The FM has done a yeomans work in clearing the fiscal mess created by the last budget. Expert Committees were set up under the Chairmanship of Dr Shome, and Mr Rangachary to examine GAAR, taxation of indirect transfers, retrospective provisions, and tax disputes in the IT Sector. The committees worked hard and submitted their reports in a record time.
Yet, the government review of the reports remains a Work in Progress. Investors are disappointed that the Budget does not include a definitive and comprehensive response to the reports. The FM has been supportive of the reports, and promises to provide further clarification on these during the Budget session. But until then, businesses cannot be faulted if they remain apprehensive of India as a destination for their investments.

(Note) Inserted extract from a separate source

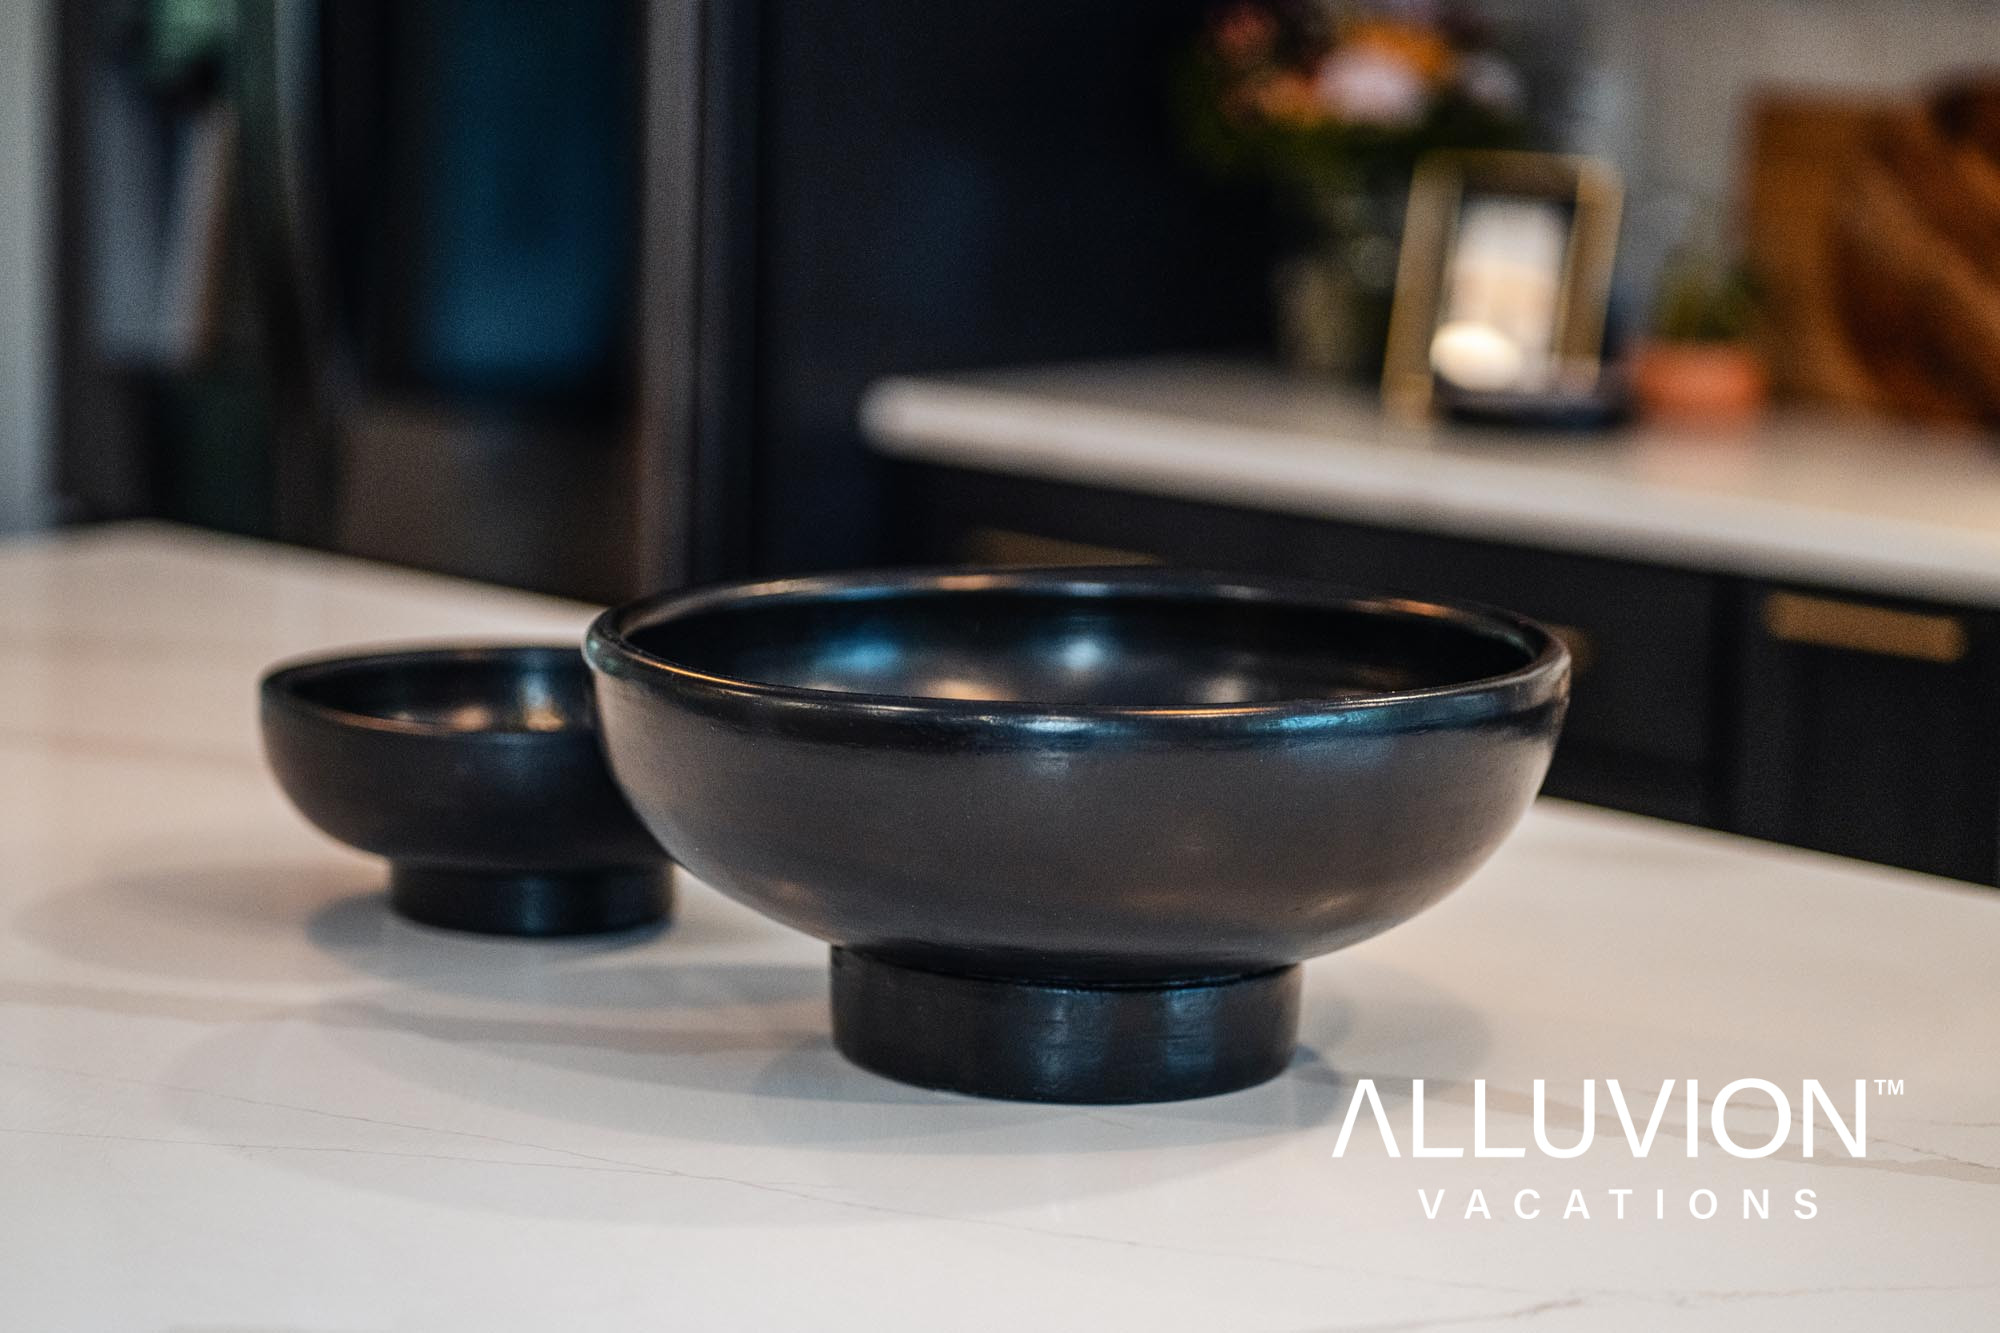 Discover Serenity in the Heart of Hudson Valley with Alluvion Vacations: Unwind at a Riverside Airbnb with a Hot Tub and Private Gym!

Their apprehensions were compounded by the new provision in the Budget suggesting that the Tax Residency Certificate (TRC) alone will not be sufficient for investors to avail of the benefits under a tax treaty (e.g., capital gains exemption under the India-Mauritius treaty). The FM was quick to assure the investors that the TRC will be accepted as sufficient evidence of their residence. But then one wonders what was the need for this amendment.
Behind the scenes, the tax authorities are continuing their aggressive posture in tax audits and transfer pricing assessments. Frightening demands have already been raised against several MNCs in India and the authorities are hounding even the domestic investors for making additional tax payments to meet the revenue targets. In fact, questions have been raised about the credibility of the 19 per cent growth in revenues projected in the Budget. It is far too optimistic at the assumed nominal GDP growth of 13.4 per cent. Might it be that the government is counting on aggressive assessments to meet the overly-optimistic revenue projections? The government is projecting a 36 per cent growth in revenues from the Service Tax, and has given significant additional powers to tax administration to enforce the payment of tax.
Such aggressive tax administration is very damaging to investments. It is a lose-lose proposition because it results in less investment, locks up revenues in tax disputes, and deters voluntary compliance.
The FM has promised a Tax Administration Reform Commission (TARC) to improve tax administration. Better administration with fair mechanism for dispute resolution can lead to more investments and revenue. This is not a big bang reform that requires a lot of spend by the government.
It only needs a new approach and attitude from the tax administration. But, for the time being, this too remains a Work in Progress.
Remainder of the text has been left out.